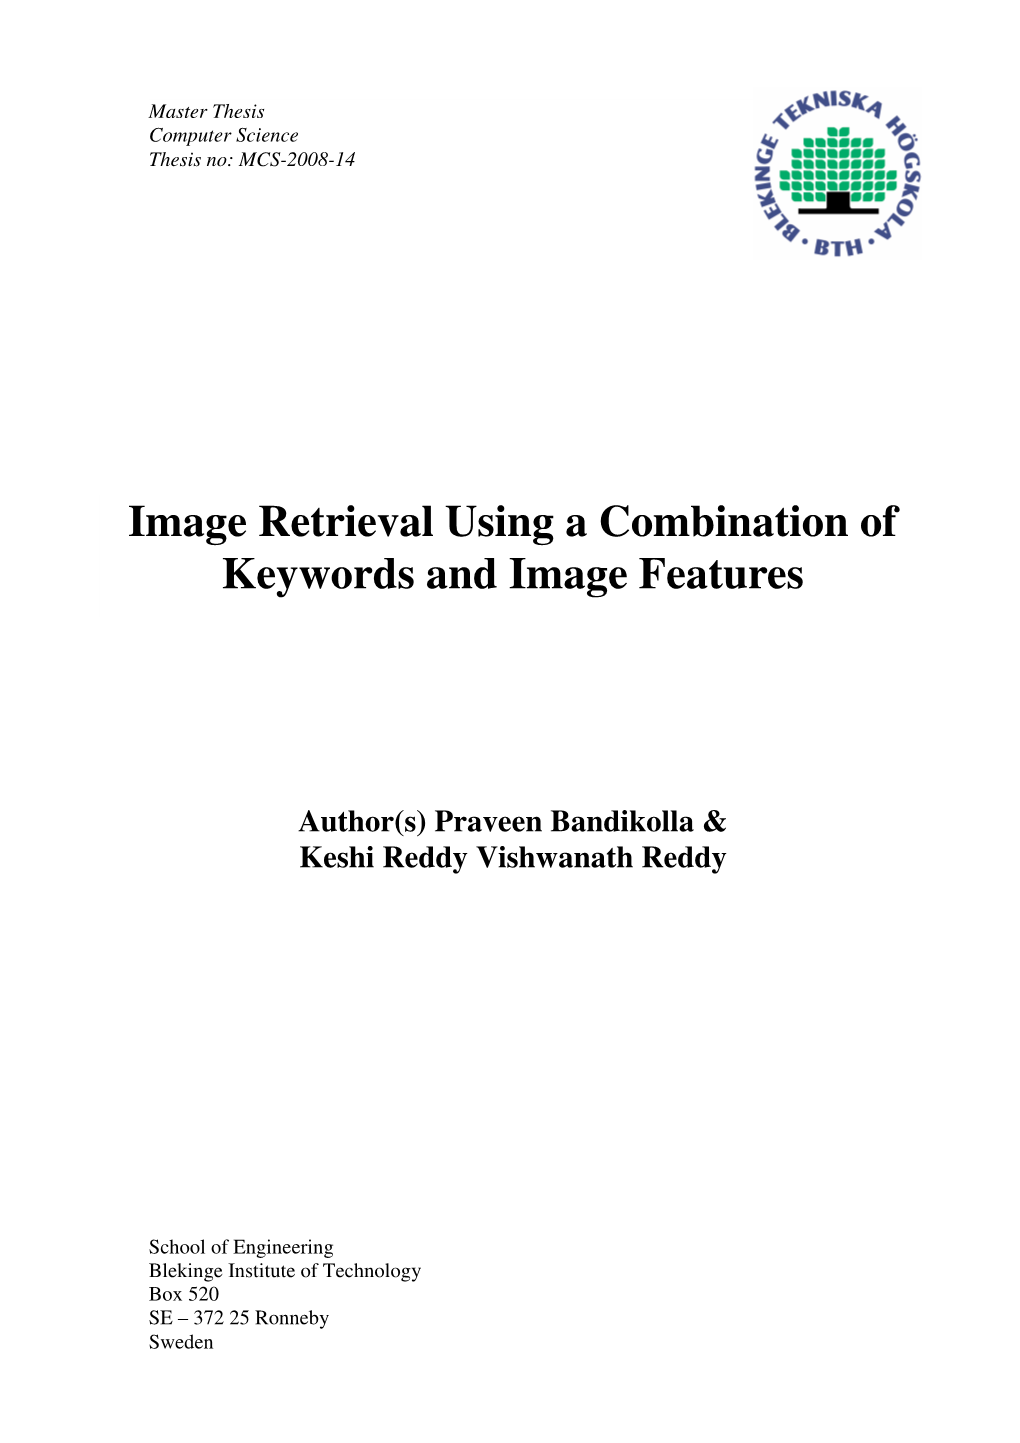 Image Retrieval Using a Combination of Keywords and Image Features
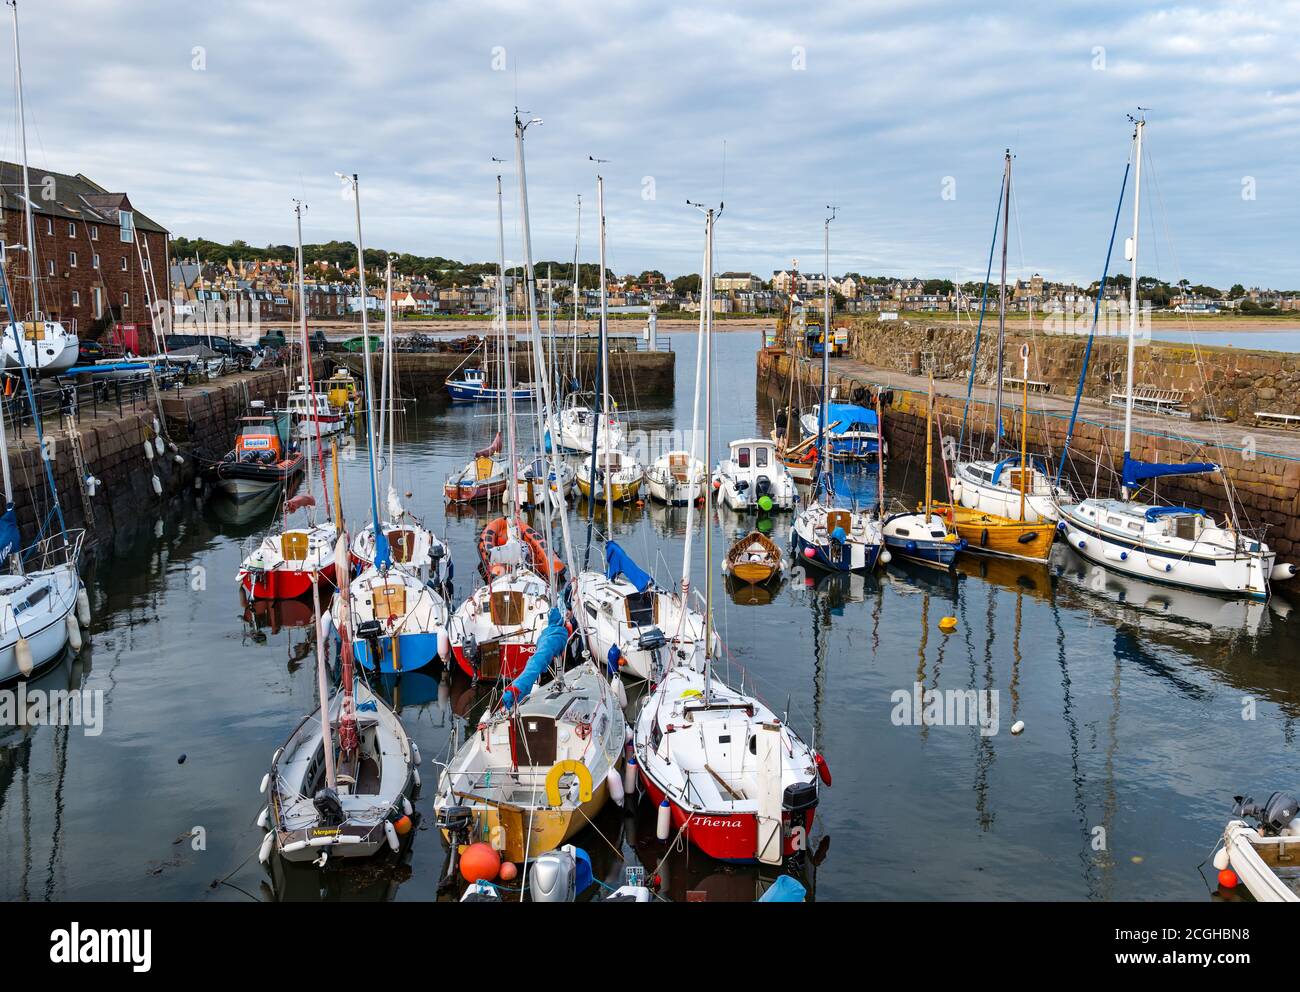 Sailing boats and yachts in the harbour, North Berwick, East Lothian, Scotland, UK Stock Photo
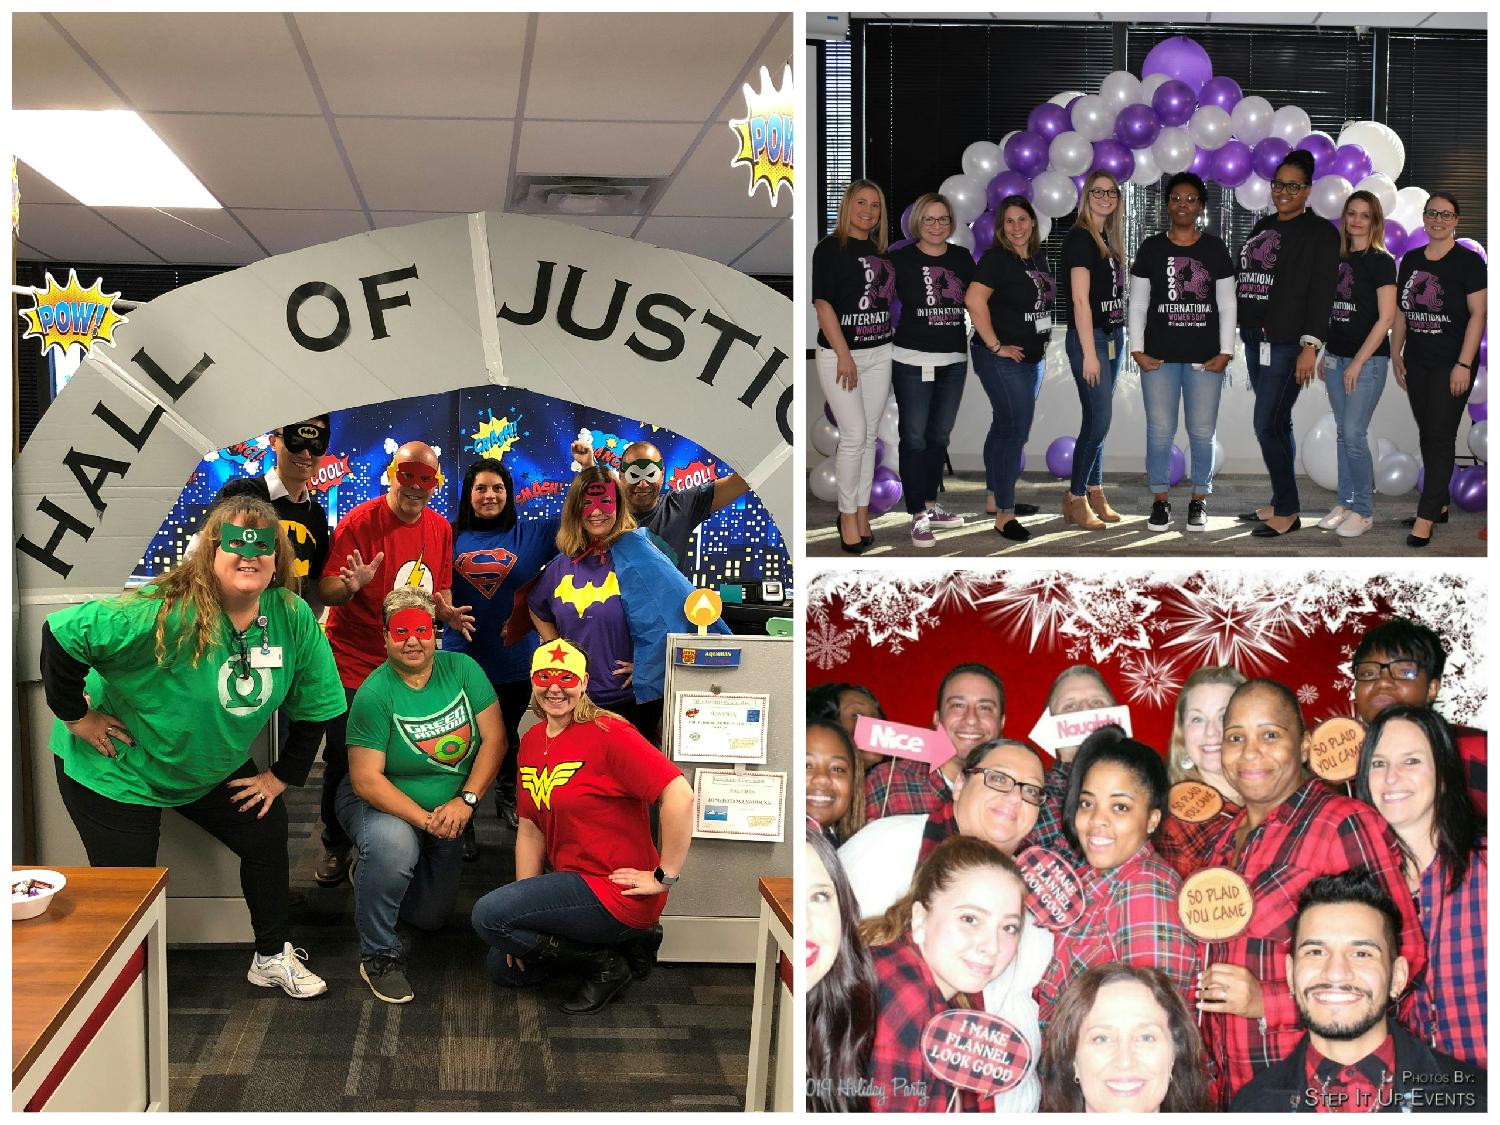 Just a few of the many employee events held at Extensis
= = = = = = =
Please transcribe the listing exactly as it stands, but omit its pictures.

- Solution
 Image Retrieval Using a Combination of Keywords and Image Features
 Sailing boats and yachts in the harbour, North Berwick, East Lothian, Scotland, UK Stock Photo
 Just a few of the many employee events held at Extensis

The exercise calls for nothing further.